● **What you are asked to do**:
Below is a listing to repeat exactly, with its pictures left out.

● **Dataset excerpt**:
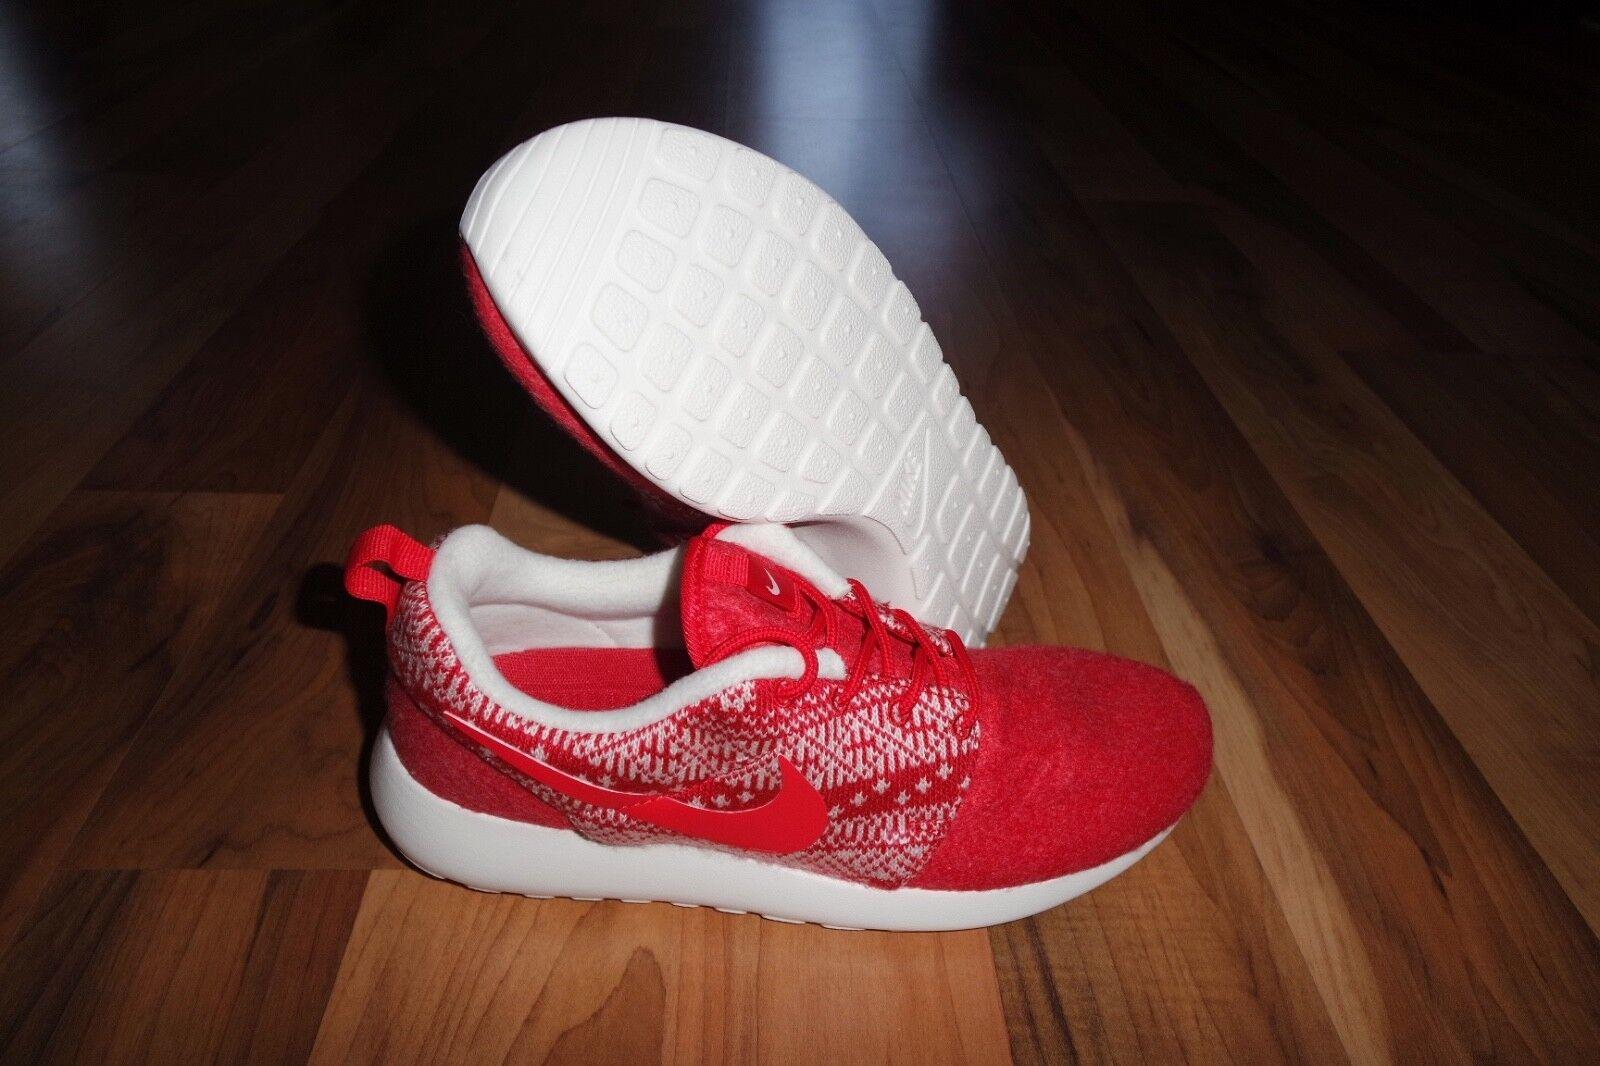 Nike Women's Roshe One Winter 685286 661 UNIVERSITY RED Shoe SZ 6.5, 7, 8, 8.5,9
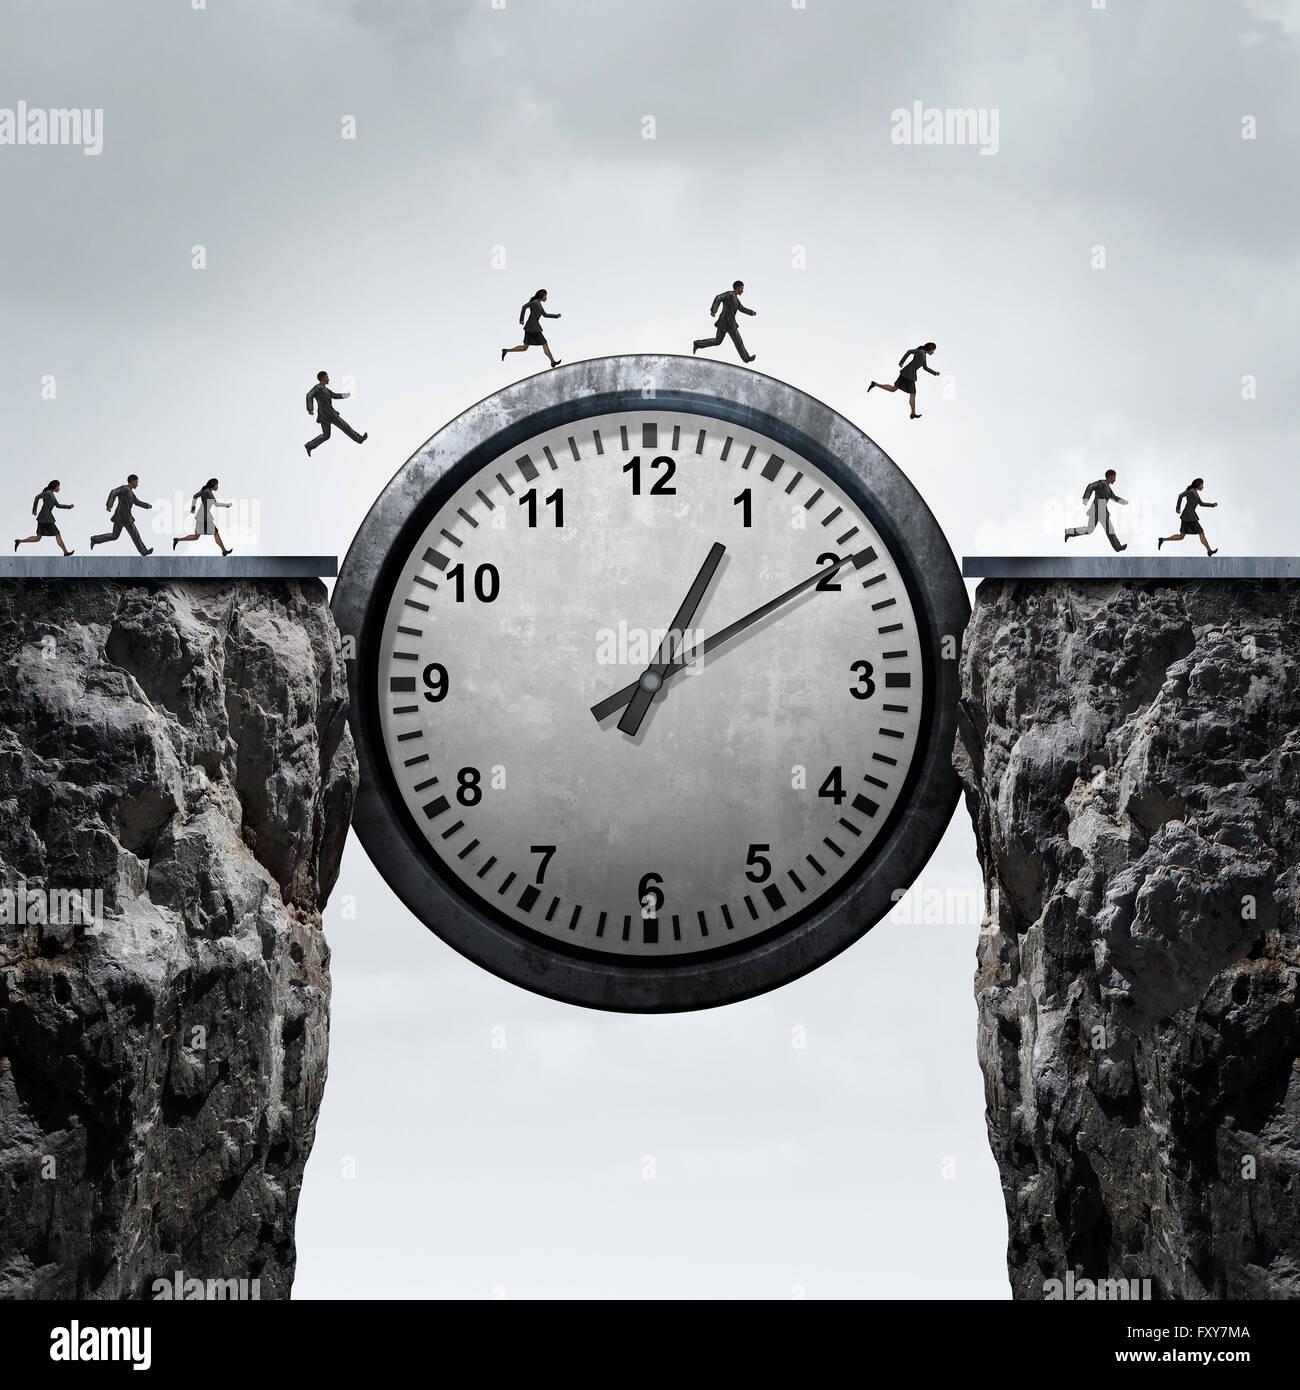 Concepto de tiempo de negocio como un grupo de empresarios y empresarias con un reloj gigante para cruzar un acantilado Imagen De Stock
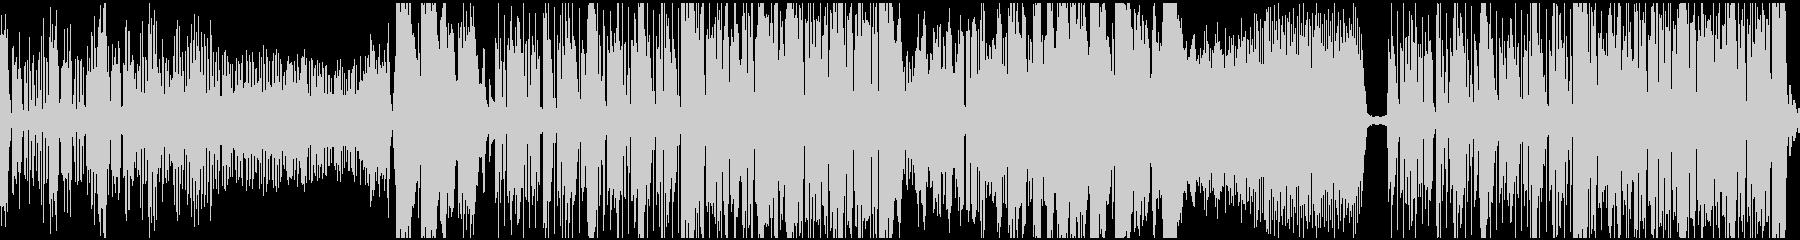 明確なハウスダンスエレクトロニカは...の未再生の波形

● **Result**:
 Nike Women's Roshe One Winter 685286 661 UNIVERSITY RED Shoe SZ 6.5, 7, 8, 8.5,9
 Concepto de tiempo de negocio como un grupo de empresarios y empresarias con un reloj gigante para cruzar un acantilado Imagen De Stock
 明確なハウスダンスエレクトロニカは...の未再生の波形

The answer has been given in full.